В проходах пока свободно. Багаж рассовали по углам, затолкали под сиденья. Кому-то пришлось потесниться, кому-то залезть на верхнюю полку; но все теперь сидят или лежат, а не стоят – все довольны. Относительно, конечно. Не в полном смысле довольны. Следующая станция – крупная, узловая: вот там-то, поди, народу побольше наберётся…

*   *   *

Через двадцать минут наиболее худшие опасения скептиков относительно скорого превращения вагона международного (такую он теперь имел категорию) поезда в нечто безразмерное, наподобие городского маршрутного транспорта в часы пик, находят своё точное и безвыходное, безысходное подтверждение. О яблоке, которому-де негде упасть, можно даже и не упоминать. Носы сидящих прямо упираются в задницы стоящих. Фу-у-у! Вот, уже и – «фу»! Да нет, это я так – жарко очень…

- Кум! А, кум! – с верхней боковой полки орёт в сторону тамбура долговязый мужик. Он в неестественной позе, скрючился весь, ёрзает туда-сюда в попытке разместиться как можно поудобнее. – Кум! Ты видишь, где я пристроился? Кум! А, кум!? Ты где? До сих пор у входа? Ну попроси, чтобы тебя там пропихнули уж как-нибудь!

- Вы с кумом рации бы себе купили, что ли… - беззлобно, но не без ехидства замечает кто-то снизу.

- А то что? – не совсем понимает долговязый.

- Да перепонки лопаются – вот что, - объясняют ему.

- А… Кум! – как ни в чём не бывало, продолжает орать долговязый. – Кум! А ты меня оттуда видишь хоть? Глянь – я тут на верхней боковой полке примостился! Я тут как скворец какой-нибудь – на жёрдочке! Осталось только зачирикать!

Он и вправду, - развернувшись, сменив положение, - сидел теперь, по его же собственному выражению, «как скворец на жёрдочке»: прижав длинные ноги к груди, обхватив их столь же длинными руками, положив подбородок на колени, а затылком упираясь чуть ли не в самый потолок, - смешная картинка!

- Друг, - махнув головой, обращается к долговязому худой интеллигентствующий мужчина из купе, - ты это-ко… уселся так опасно – гляди, полка под тобой прогибается. Смотри, как бы общественность снизу не начала своё недовольство выражать.

А полка, в действительности, готова, что называется, «хрустнуть».

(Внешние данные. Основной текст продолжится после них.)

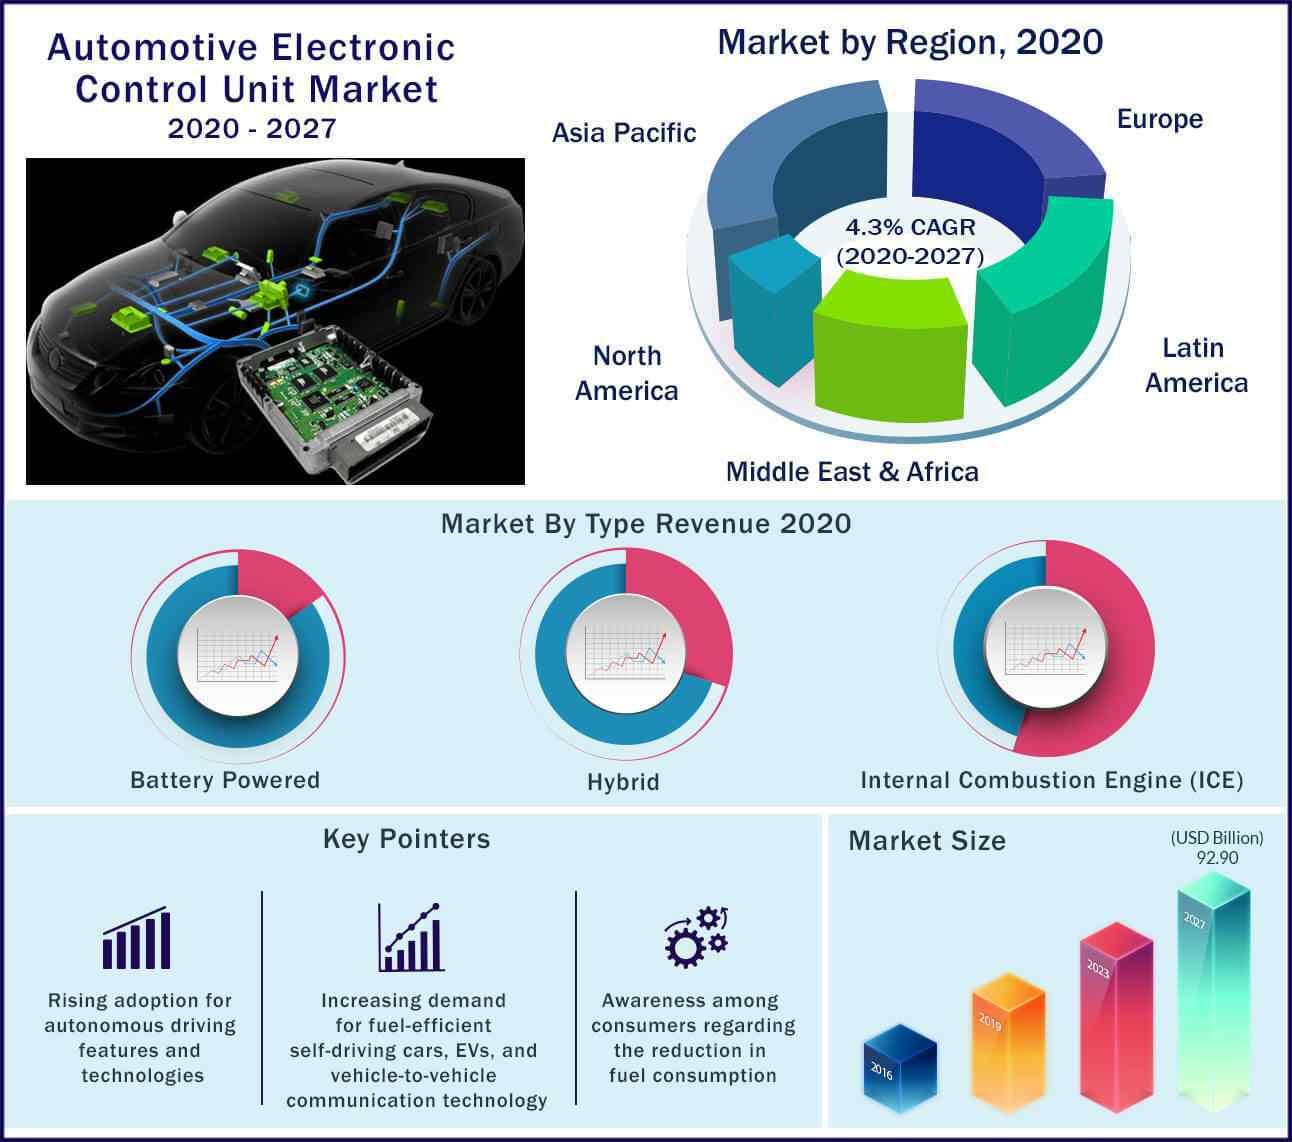 Global Automotive Electronic Control Unit Market 2020-2027

- Ну-у… - отмахивается «скворец», - когда проломится, тогда пускай и выражают – своё недовольство; а пока… Хотя нет – а може, как раз тогда-то они и не будут своё недовольство выражать: им не до того будет – срочная медицинская помощь потребуется. Кум! А, кум!.. – продолжает он орать в сторону тамбура. И непонятно: то ли он и вправду перед кумом так уж хочет похвастаться – что полку удалось «захватить»; то ли он попросту решил поиздеваться над всеми…

В купе раздаётся мелкий, прыскающий смешок.

- Ты чего? – оборачивается лицом к худому интеллигентствующему мужчине его беременная жена, невзрачная крысовидная особа, сидящая рядом, возле окна, и скрывающая под столиком, с наставленными на нём бутылками из-под лимонада «херши-кола», все неудобства своего «положения».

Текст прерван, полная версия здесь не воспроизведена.